Características de las personas tóxicas en el trabajo
- Las personas tóxicas son desestabilizadoras. Suelen afectar el clima organizacional, la productividad y el bienestar de los compañeros. Frecuentemente entorpecen y dificultan los procesos laborales debido a su insidiosa y desgastante actitud.
- Visión negativa. Estos sujetos no aprecian lo positivo que ocurre en el trabajo, usualmente, tienen una visión desfavorable de todo lo que sucede a su alrededor. Cuando un colega se presenta optimista, ellos buscan la manera de desanimarlo y afectarlo.
- Problemas de Ego.

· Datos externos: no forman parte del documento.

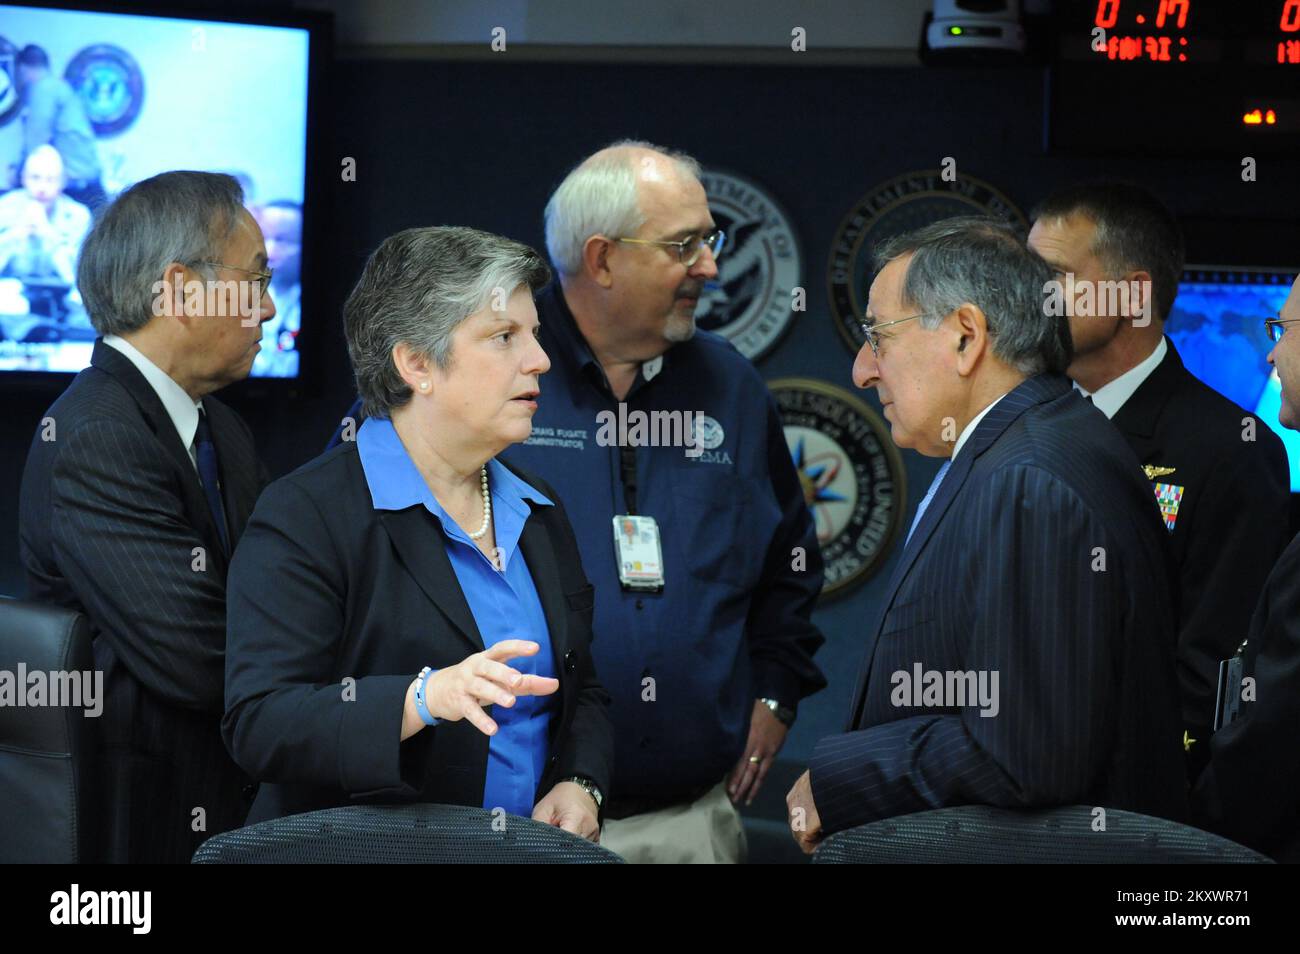 Washington, D.C., Oct. 31, 2012   Department of Homeland Security Secretary Janet Napolitano speaks to Defense Secretary Leon Panetta prior to the start of a cabinet meeting that President Barack Obama held at FEMA headquarters to discuss ongoing operations in response to Hurricane Sandy. Washington, DC, USA--October 31, 2012-Department of Homeland Security Secretary Janet Napolitano speaks to Defense Secretary Leon Panetta prior to the start of a cabinet meeting that President Barack Obama held at FEMA headquarters to discuss ongoing operations in response to Hurricane Sandy.. Photographs Rel Stock Photo

Los trabajadores tóxicos tienden a centrarse exclusivamente en sí mismos, y es que piensan que todo gira en torno a ellos. Frecuentemente, anteponen sus propias necesidades, a las de sus compañeros.
- Chantajistas emocionales. Dichas personas también emplean el chantaje emocional a fin de obtener algún provecho de sus semejantes. Su intención es clara y deliberada: Pretenden manipular y extorsionar a los compañeros de trabajo para que cumplan sus exigencias.
- Chismosos empedernidos. El trabajador tóxico se caracteriza por hablar mal de sus colegas y difundir información sin confirmación oficial. Por tanto, esparcen rumores y chismes que suelen causar controversias, malos entendidos, confusión, rencores, e incluso altercados.
Clasificación de las personas tóxicas en el ambiente laboral
- El Trabajador que descalifica. Esta persona se regocija al menospreciar y aminorar a sus compañeros. Tiende a desmerecer el esfuerzo, el éxito, y el triunfo ajeno.
- El Trabajador que envidia. Estos sujetos anhelan de manera perniciosa el reconocimiento, el prestigio, y los logros de terceros. Se trata de personas que viven en una eterna rivalidad contra todo el mundo.
- El Trabajador verbalmente violento. Estos individuos se dedican a hostigar verbalmente a sus compañeros con el propósito de intimidarlos y rebajarlos en el trabajo.
- El Trabajador que se queja. Esta persona siempre encuentra una razón para lamentarse y expresar su inconformidad. Son empleados acostumbrados a quejarse continuamente.
- El Trabajador con tendencias psicópatas. Es de enfatizar que estos sujetos no son antisociales a simple vista, por el contrario, se caracterizan por ser locuaces y aparentemente encantadores.
Estrategias de Afrontamiento
- Confrontación de la persona tóxica. Estudios longitudinales evidencian que las acciones y conductas directas contribuyen a manejar apropiadamente las contrariedades laborales, las pugnas interpersonales, y la tensión entre compañeros. Debido a que la confrontación genera un choque entre fuerzas contrarias, se sugiere que el iniciador del proceso dialogue con cautela, mesura y responsabilidad.
- Autocontrol. Esta estrategia ha sido ampliamente recomendada para convivir con personas tóxicas tanto en ambientes laborales, como personales. Por medio de la autorregulación el sujeto pretende moderar, influir, y redirigir su propia conducta a fin de lidiar de la mejor manera posible con los compañeros que dificultan su desempeño profesional.
Técnicas de Autocontrol
- Entrenamiento en Auto-instrucciones: Se trata de crear una serie de auto-mensajes, positivos, cortos, y lógicos que contribuyan a mantener o retomar el control ante una situación aversiva dada por un compañero tóxico.
- Entrenamiento para la Detención de Pensamiento. Si la convivencia con la persona tóxica en el trabajo se ha convertido en una idea recurrente y obsesiva en la vida del afectado, se sugiere aplicar este procedimiento de autocontrol, el cual, es considerado como uno de los métodos más efectivos para modificar cogniciones mecánicas e inapropiadas.